My existence by itself has some considerable consequence for other
people, not least for my seven children, two of whom are adopted.
I suffer from diabetes. Since my diagnosis in 1995, I have learned
that the burden of a chronic illness is a real burden. I have
experienced the progression of this illness from a time when simple
diet alterations controlled it, to the point now where I am completely
insulin-dependent. It is the chronic part that constitutes the real
burden, knowing I shall never be rid of it, knowing my life will always
be governed by diet and injection schedules, and knowing, too, that
my death probably will be the result of some diabetic complication.
When I say I wish I did not have it, I am saying there is almost
anything I would do to get rid of it. Almost.
The prospect of stem cell therapy derived from human embryonic
research - involving the destruction of a human embryo - touches me
in a most profound way. I would never consent to any treatment for
my diabetes that directly or indirectly came about as the result of
destroying a human embryo. What I find disturbing about this
incessant rush to harvest stem cells from embryos is the fact that no
researcher to date has been able to develop a pancreatic cell from
the techniques presently used, this while there are several promising
avenues of research that do not involve destruction of a human
embryo.
Most recently, I have learned about investigations by Canadian
researchers that employed pancreatic islet cells from cadavers. The
technique successfully eliminated insulin-dependence of several
diabetics who received the procedure.
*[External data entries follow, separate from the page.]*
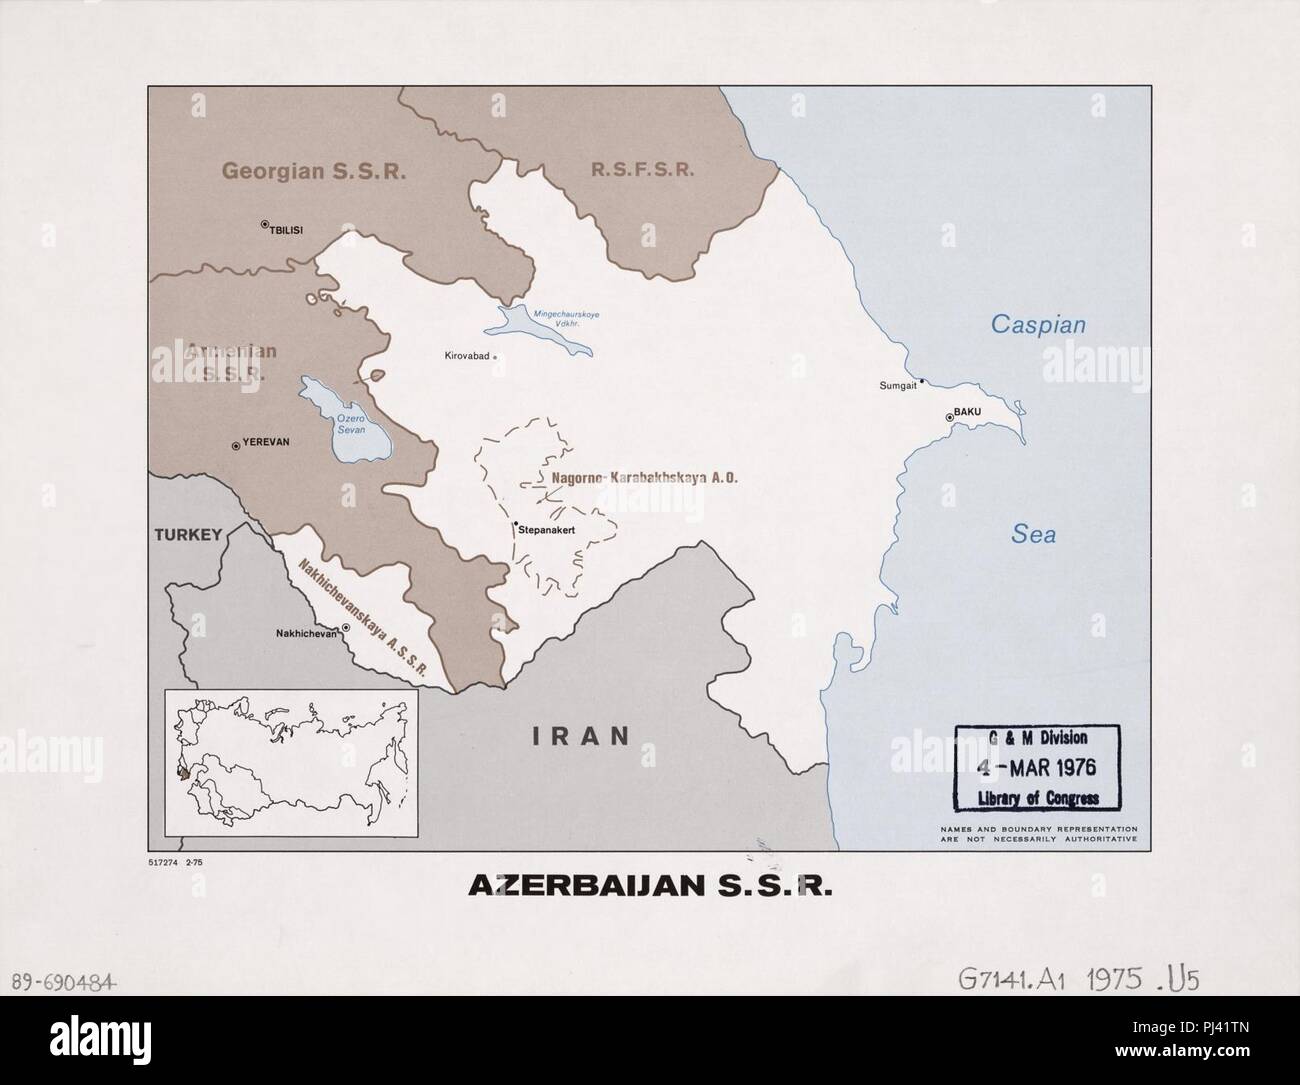 Azerbaigian S.S.R. mappa 1975. Foto Stock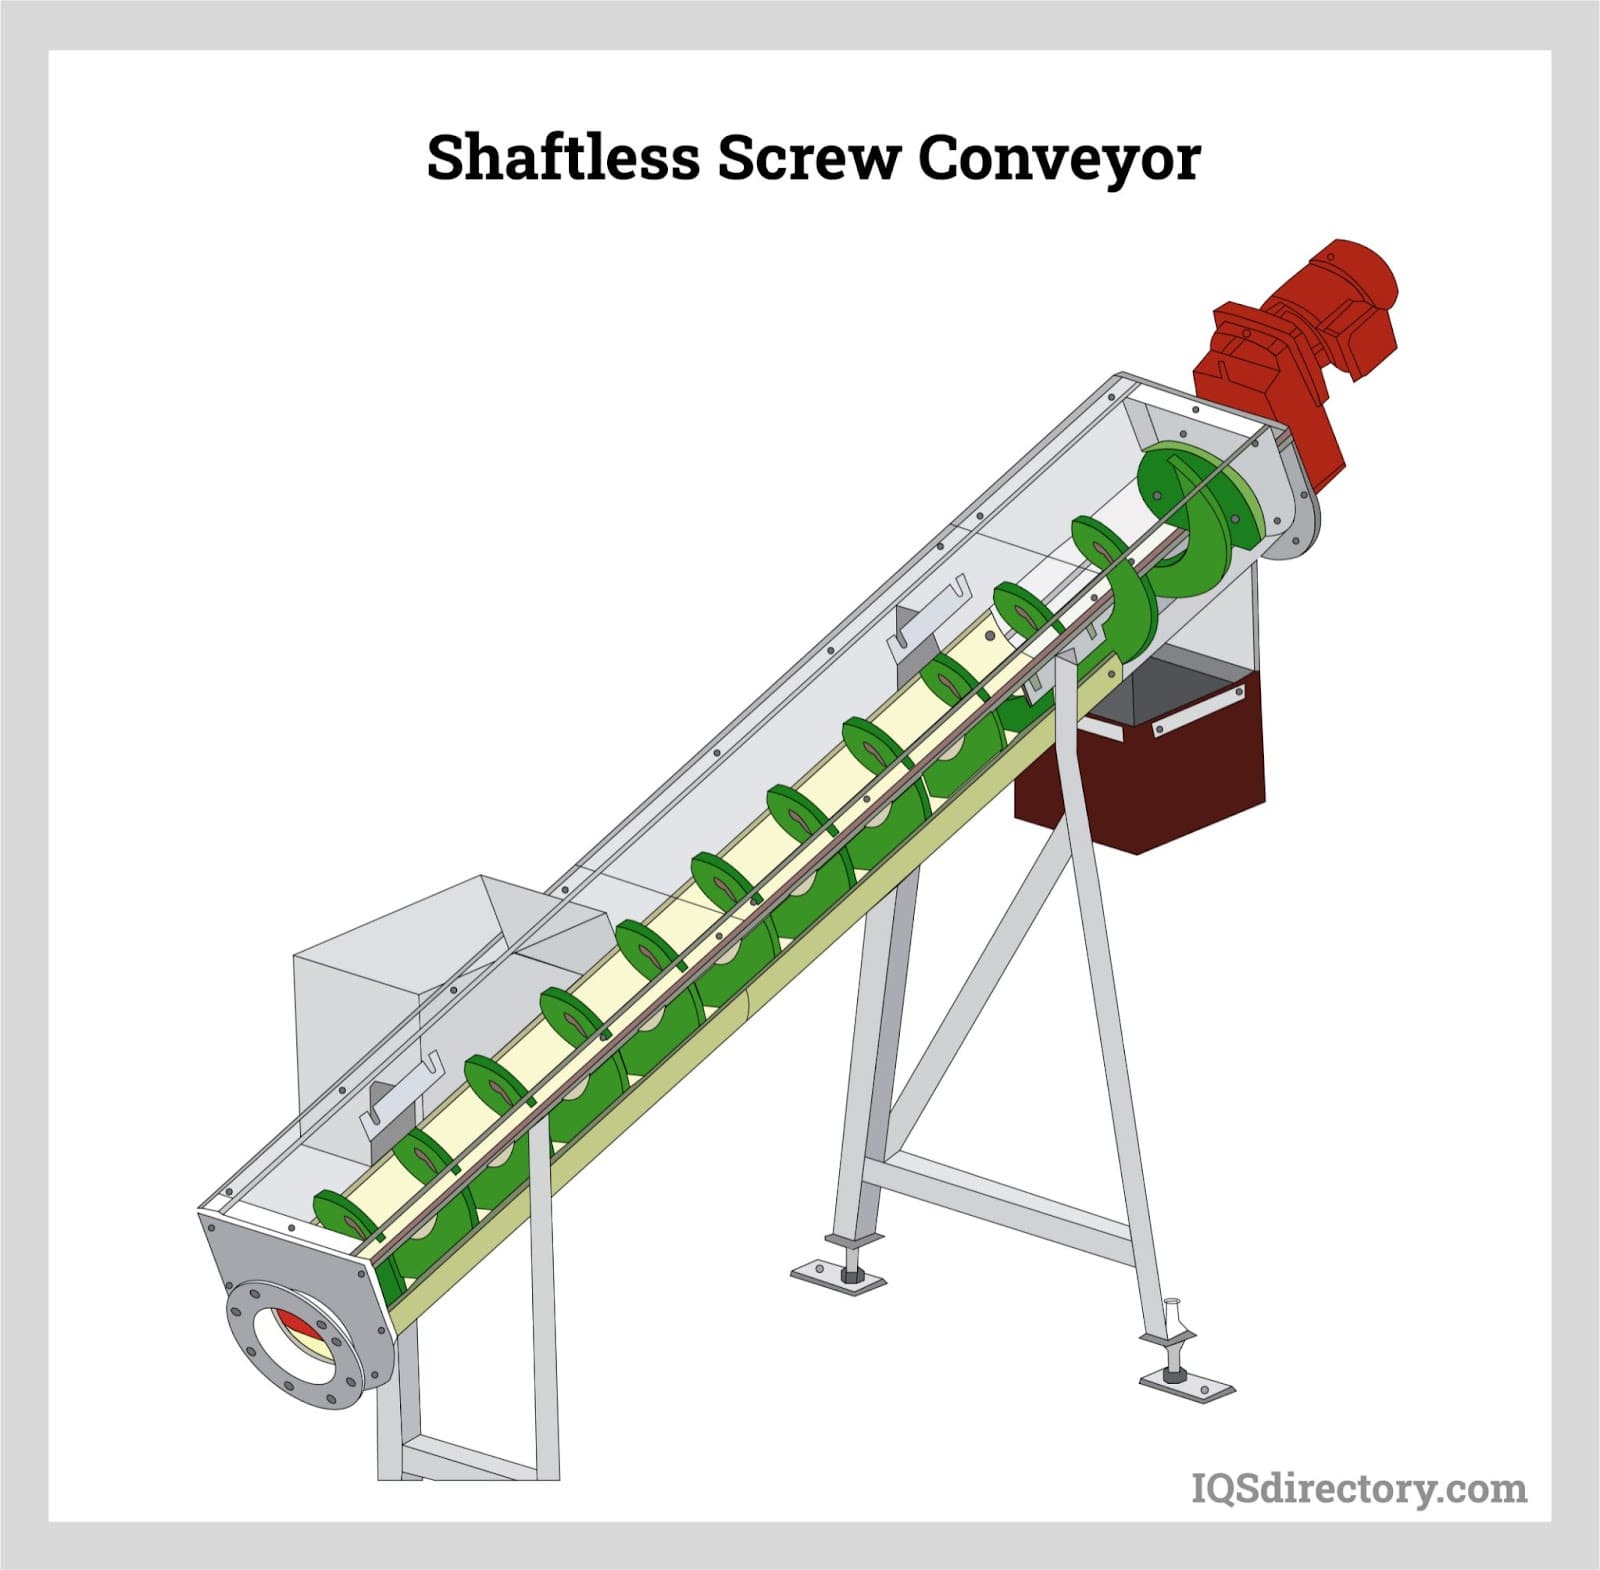 Shaftless Screw Conveyor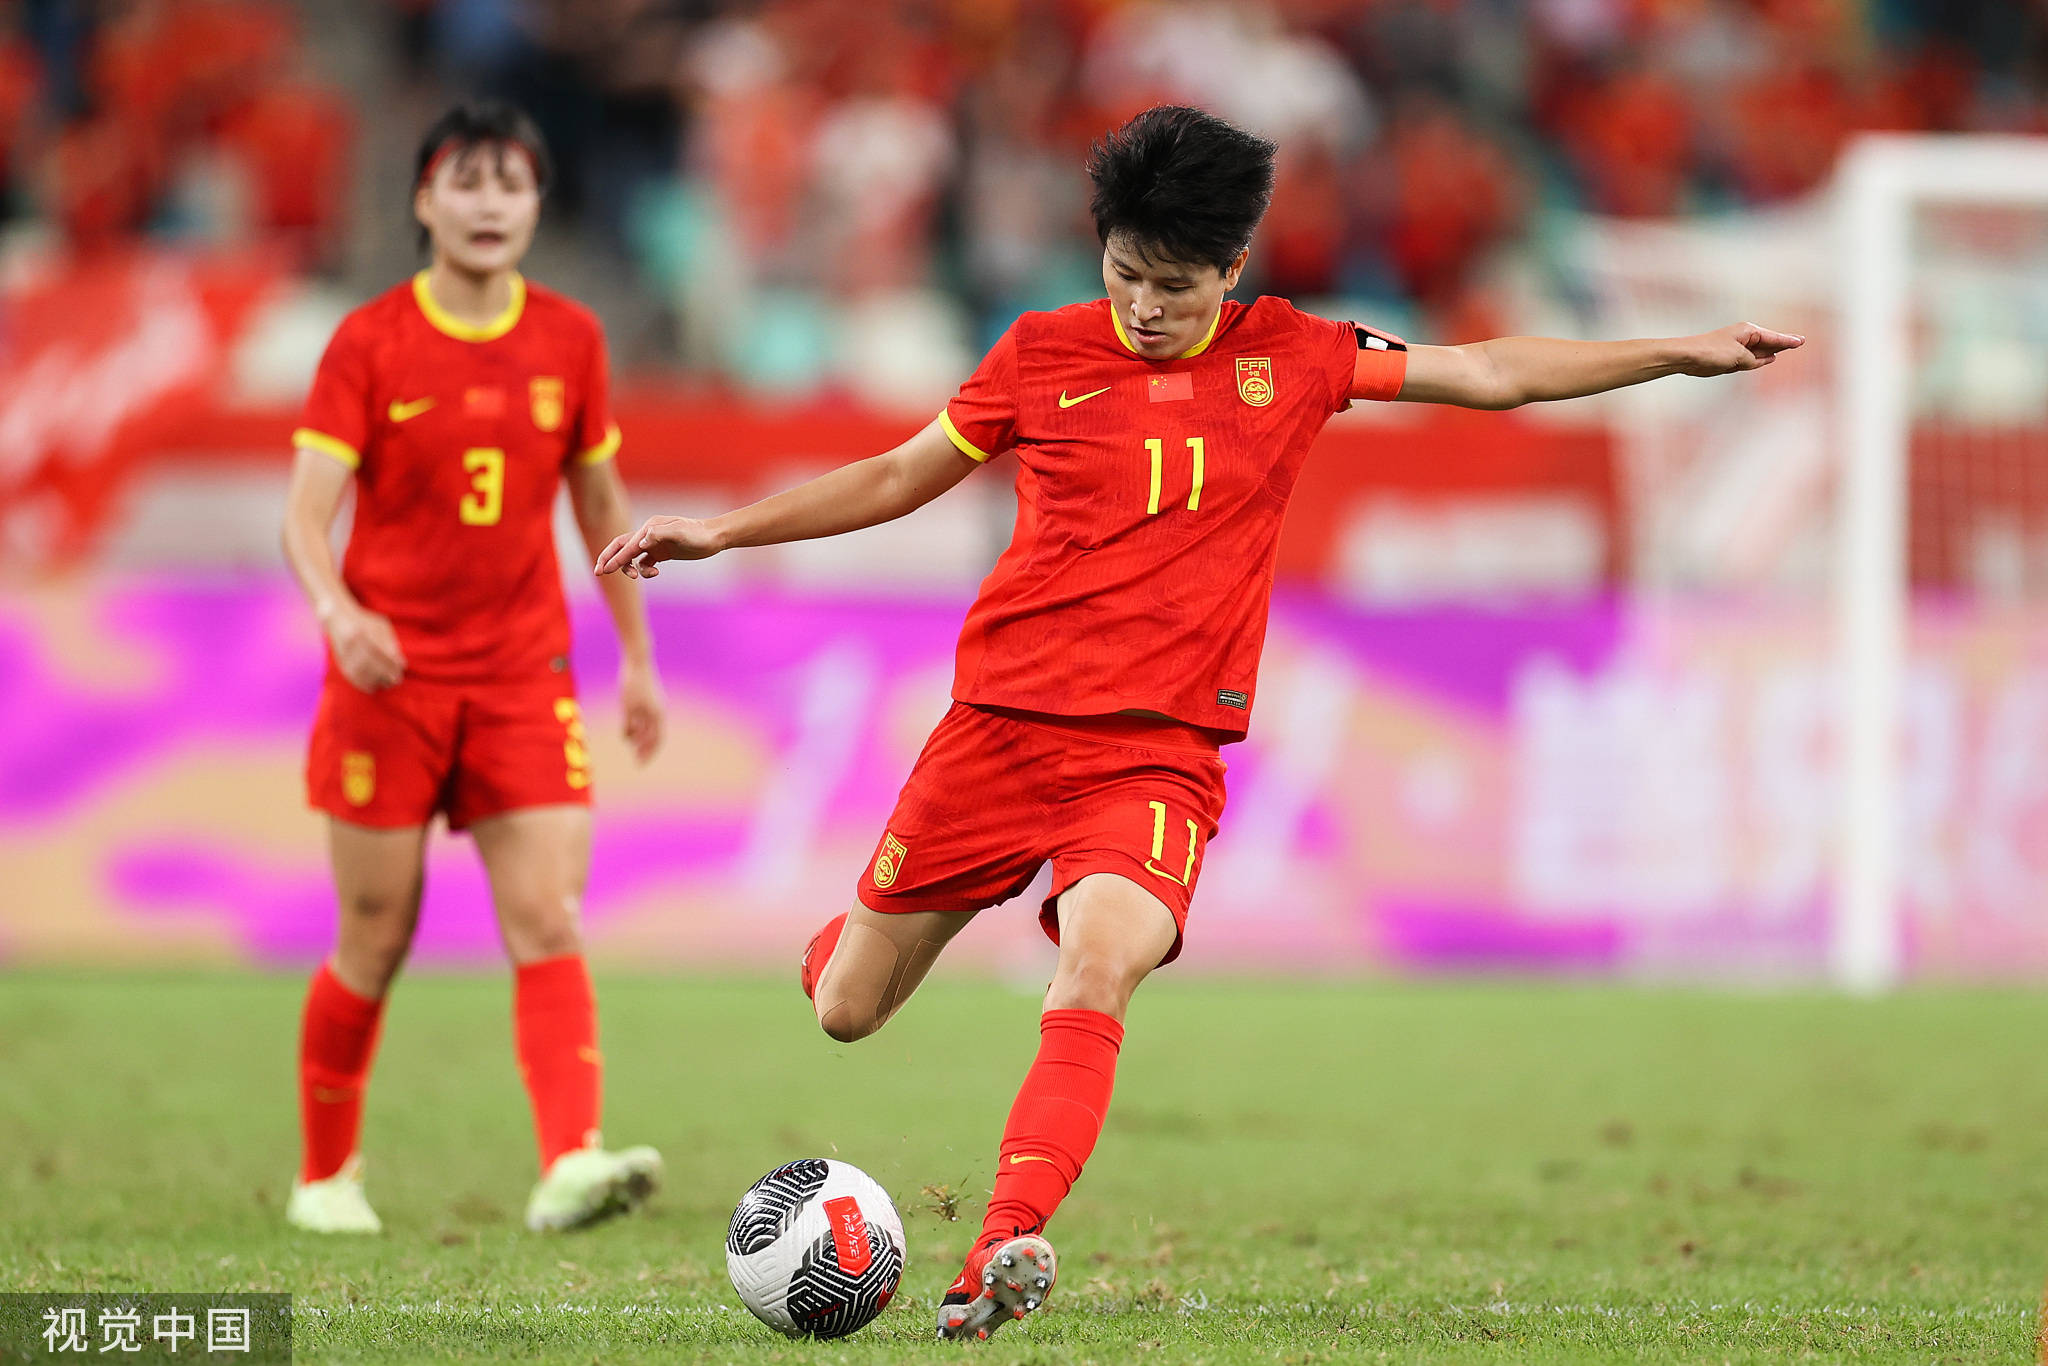 女足踢出最正常状态却遭淘汰 亚洲冠军仅1年时间跌下神坛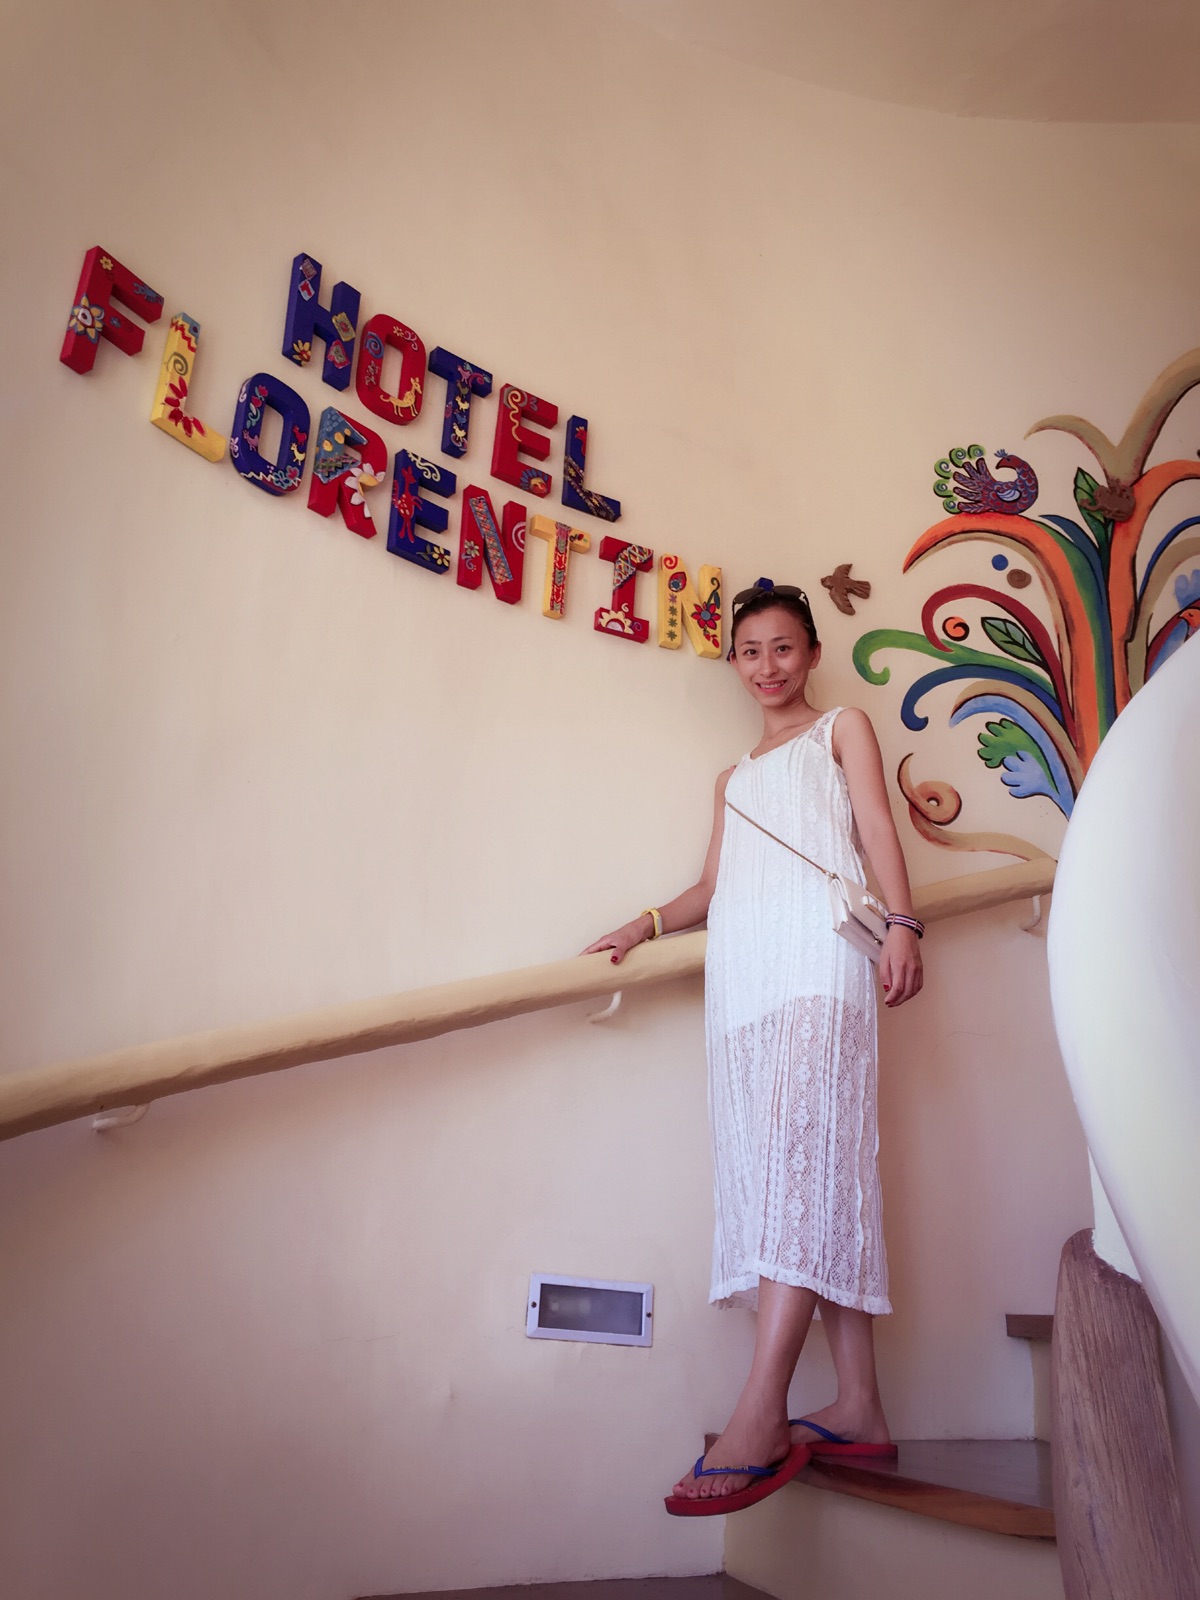 在杜马盖地算比较好的酒店了，装饰很漂亮。每个细节都给了我惊喜，喜欢，楼

The procedure is subject to
further trials and it must be nuanced in application. But this holds
greater promise for a diabetic cure than anything else I have heard
about - and islet cell transplant is ethically neutral. It has no moral
implications associated with it. Yet, we here in the United States
seem in a rush to use what is arguably the most ethically
objectionable method available, while other morally neutral medical
technologies virtually are at hand. The President's own National
Bioethics Advisory Commission has said that because human
embryos deserve respect as a developing form of human life,
destroying them "is justifiable only if no less morally problematic
alternatives are available for advancing research." The fact is, those
alternatives exist.
It comes to a question. Is the human embryo human life, or is it a
mere bit of research material? If it is mere research material, then
why should any human life at any stage of development - yours or
mine - carry any special privilege? But if the embryo is human life,
then we should have in place some restraint that cautions the strong
against using the weak for their own purposes.
I would commend to your reading Aldous Huxley's Brave New World.
Written in 1933 Huxley, with astonishing prophetic foresight, created
a world of genetic clones and what he called "decanted babies." All
this arose because in the world of his novel, the human embryo was
merely research material. He worried that science was being twisted
all around. Where once, as with the sabbath, science was made for
Man, he foresaw a time when Man would be made for science. In
Huxley's fictionalized world the process that turned science around
was methodical and deliberate, and without moral regard. In our own
world, the process going on is less tidy but no less deliberate, and, I
fear, with equally little moral regard.
If a cure for diabetes and a host of other ailments require the
production and destruction of human embryos, then I beg you to
consider the possibility that some diseases are better than their cure.